By Dominique Paul, Research Analyst
8/19/2015 1:47 PM

It was only just a week ago when the Dow Jones Industrial Average’s (DJI) 50-day simple moving average (SMA) crossed over its 200-day SMA, resulting in a phenomenon known as the ‘Death Cross.’ We’re about to see a second death cross occur for the DJI, this time by its EMAs. The difference between SMAs and EMAs is that the calculation for SMAs focuses on recent closing prices while the calculation for EMAs focuses on the most recent prices. Nevertheless, the pending EMA death cross would cement the notion that the DJI will have a very tough time breaking out of its bearish trend. The next threshold for support is just north of 17,160. Currently, the DJI is fighting to make a comeback.

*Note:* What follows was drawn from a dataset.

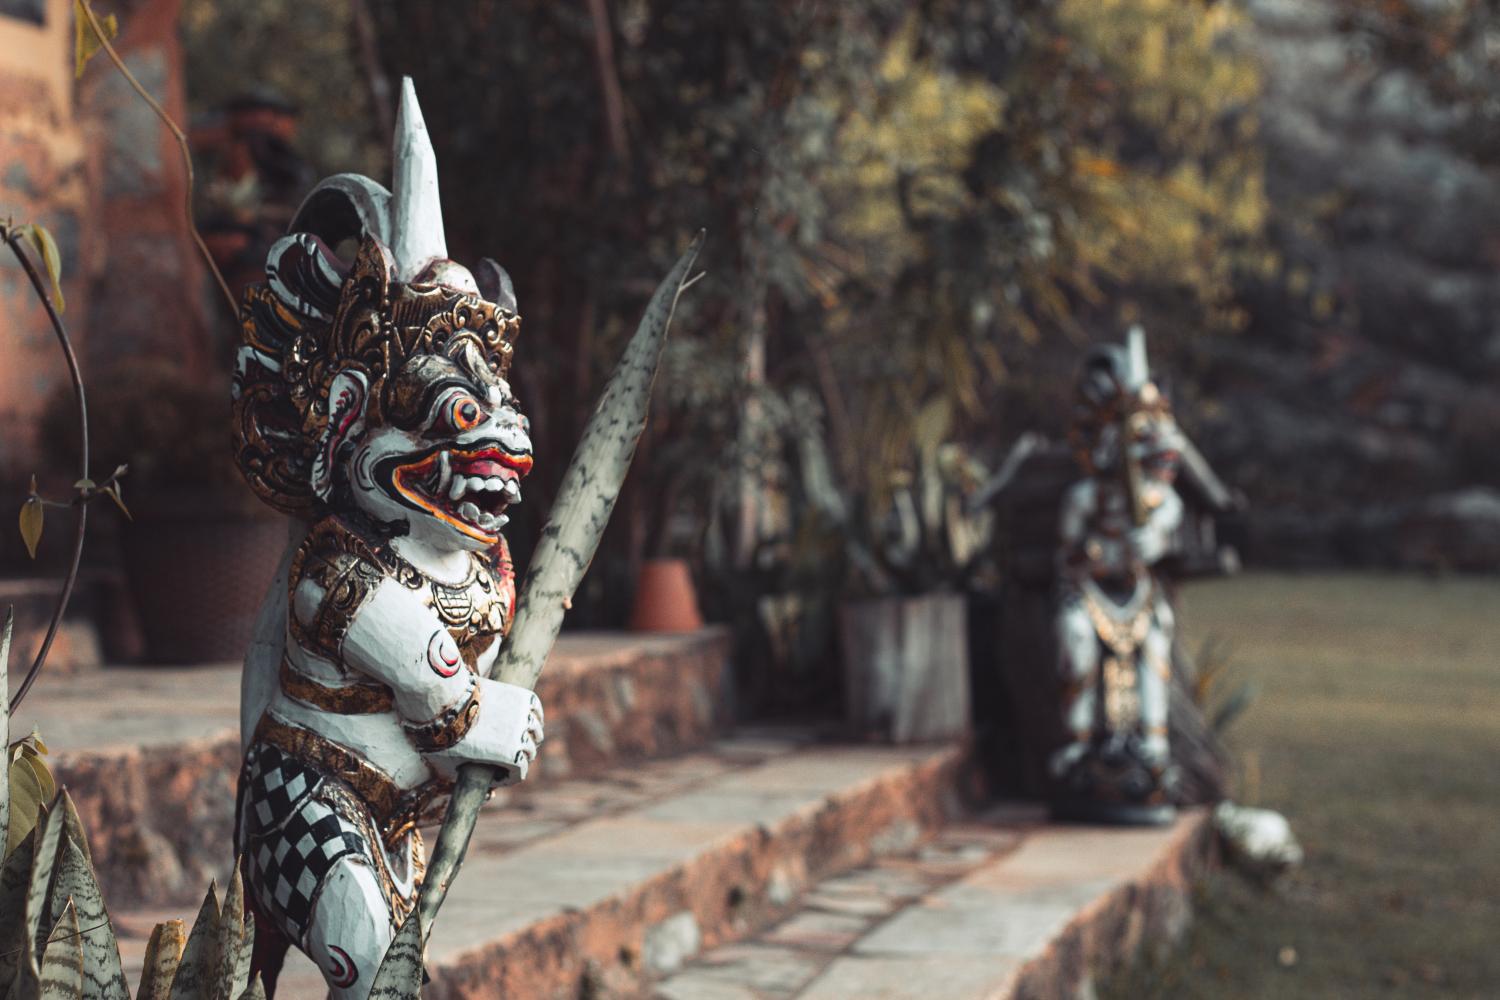 Indonesian Statues

The index is trading down approximately 160 points, after falling as much as 225 points right before noon.

The markets aren’t the only things that are down. Crude oil prices sank even lower during today’s session following the Energy Infromation Agency (EIA) releasing its weekly petroleum status report. During the week ended August 14th, the US saw a 2.6 million barrel build in inventories to a total 456.2 million barrels. (This comes a week after a 1.7 million barrel draw.) The inventory build was fueled by an increase in imports. However, demand is growing stronger, especially for gasoline products. There was a draw of 2.7 million barrels from gasoline refineries despite them increasing production. All in all, supply is continuing to outpace demand in the oil industry. This has led to prices falling to their lowest levels all year- just above $41.00.

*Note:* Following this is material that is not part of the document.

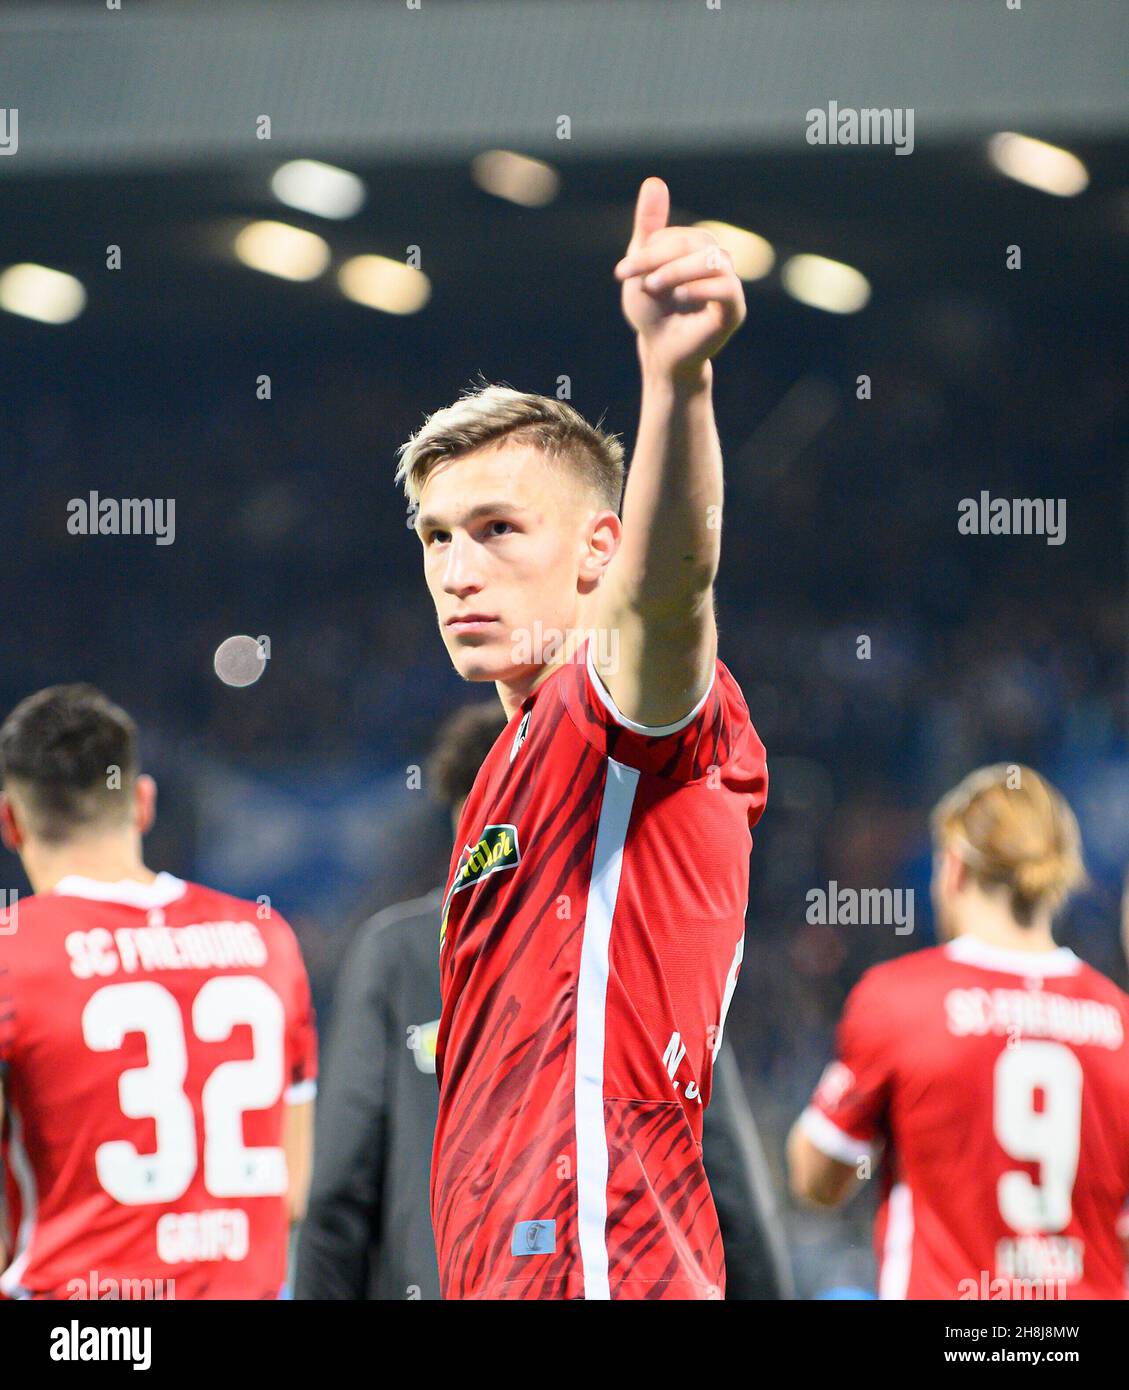 Nico SCHLOTTERBECK (FR) gesture, gesture, thumb shows after up. Soccer 1st Bundesliga, 13th matchday, VfL Bochum (BO) - SC Freiburg (FR) 2: 1, on November 27, 2021 in Bochum/Germany. #DFL regulations prohibit any use of photographs as image sequences and/or quasi-video # Â Stock Photo

We did have a positive report this morning. The Mortgage Bankers’ Association (MBA) released its weekly mortgage applications report. The composite index rose 3.6% in the week ended August 14th after rising a meager 0.1% in the prior week. Growth was greatly influenced by the refinancing market. With the average mortgage rate for 30-year conforming loans with balances of $417,000 or less decreasing by 2 basis points to 4.11%, there was a surge in refiance applications. The refinance index rose by 7.0%, more than double the 3.0% increase observed in the prior week. Though unable to breach positive territory, the purchasing index also demonstrated some improvement for the week, decreasing by 1.0% after falling 4.0% in the previous week. With mortgage rates continuing to move lower, we may soon see higher demand for new homes.

 


Comments
With all the negative news the media is feeding us, the Feds dagger will be the official rise in rates. It will put us into the abyss. Going snorkeling?